Concerning fossil fuel equipment, the code doesn't reference any difference between attached or detached garages, only private, public & service. 
In our other home we had a wood stove in the garage 18" above the floor & an office above. The fire inspector said thought I had you but looks like your legal. That was 7 years ago so maybe there has been a code change dealing w/ solid fuels. I'll get back to you Wednesday after I research this, out of the office tommorrow.


----------



## ssupercoolss (Feb 5, 2008)

thanks solarguy, i appreciate you looking into it, as i have called the building inspector in town here, and i have him scratching his head a little.  he said he will look into it, i wonder if i get the same answer from both of you.  

from some of the previous post i have read on here, no solid fuel in a garage because you actually have to open the door to the appliance to feed it, i guess exposing the flame.  dont take that as gospil, though, just because i read that somewhere.  but....for gas and oil installed in a garage do they require outside air for combustion?  if not, than it really doesnt make sense to me.  i know you cant fix stupidity, but i can think of many ways to blow up my garage, with an oil/gas burner in my garage.  but i would do any of them.


----------



## eekster (Feb 5, 2008)

Anything in the garage or eleswhere, depending on the circumstances, should have combustion air.
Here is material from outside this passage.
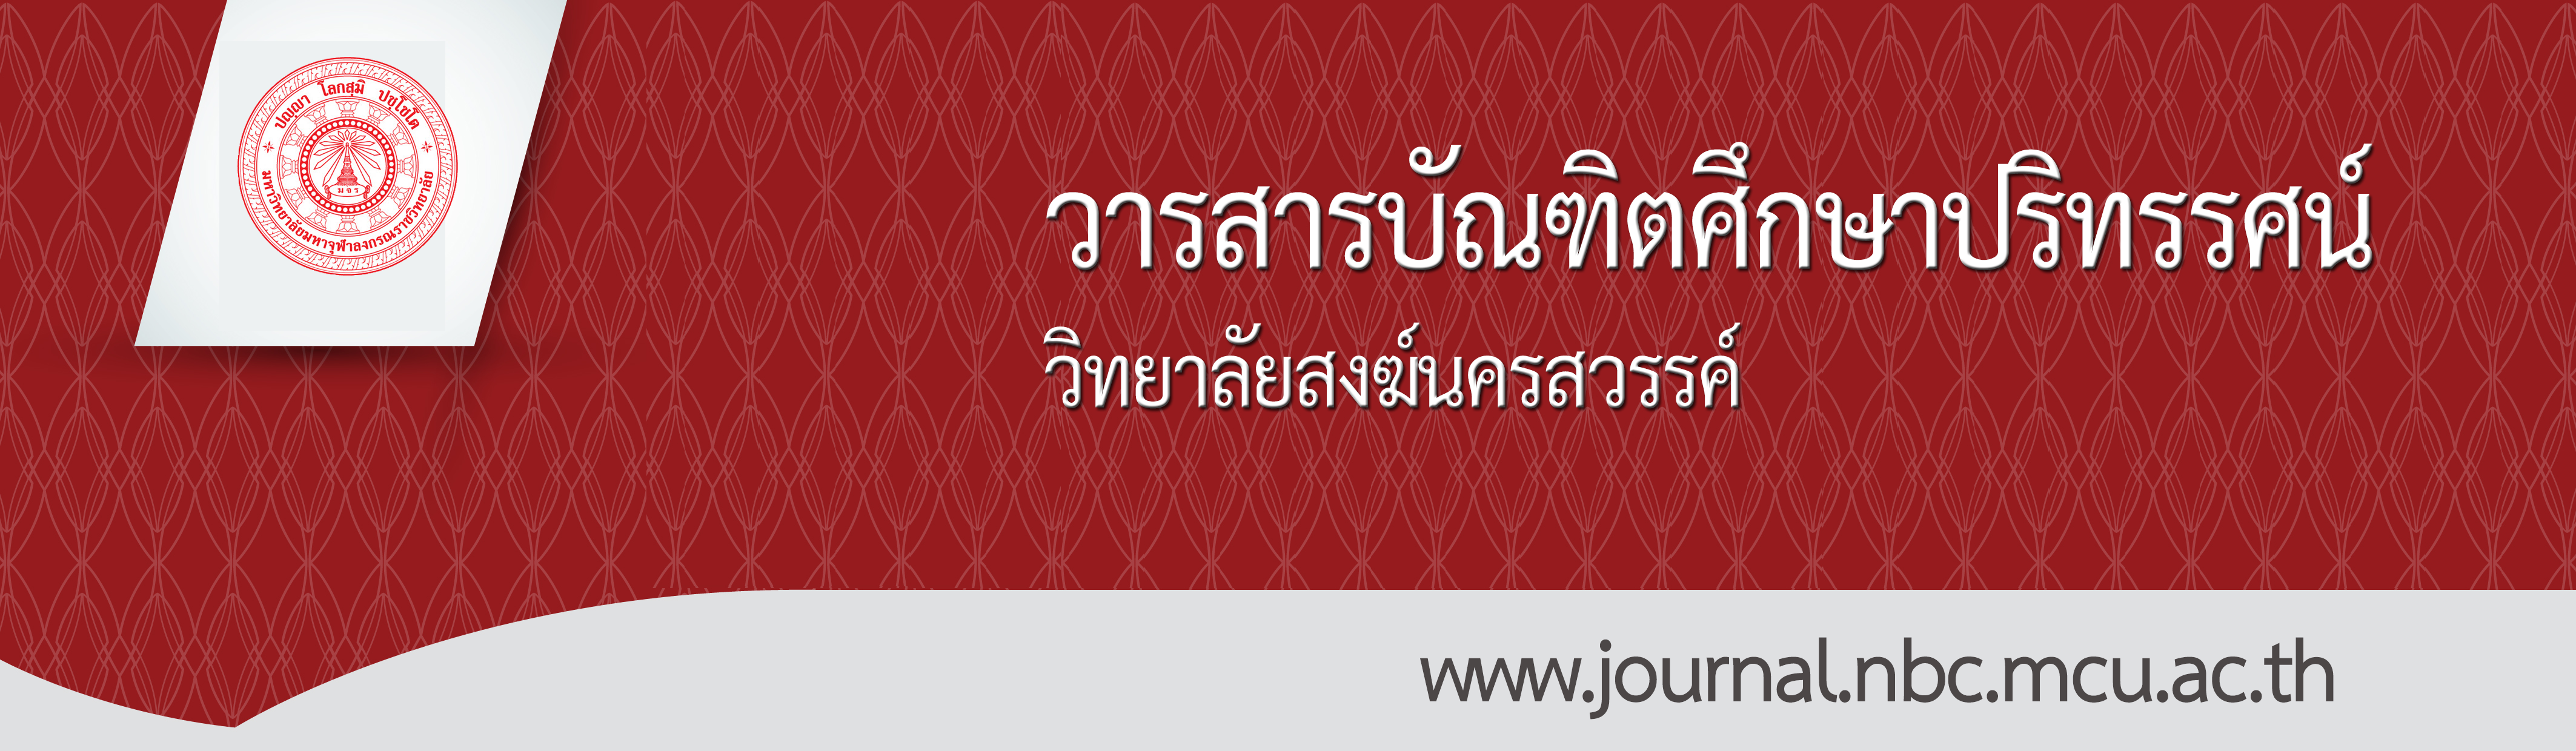 https://www.tci-thaijo.org/index.php/jgsnsbc-journal/index

My boiler is in the garage and it is pretty tight. I made sure there was combustion air. When the boiler is running hard ( when it is cold out) youcan feel air being drawn through the duct.
Keith


----------



## Tony H (Feb 5, 2008)

Maybe the first issue is to make that room "not a garage" by definition would lack of a garage door be enough ? install a double door to load in wood and take the garage door out. It seems to me if a car cannot fit into the space it cannot be a garage anyway.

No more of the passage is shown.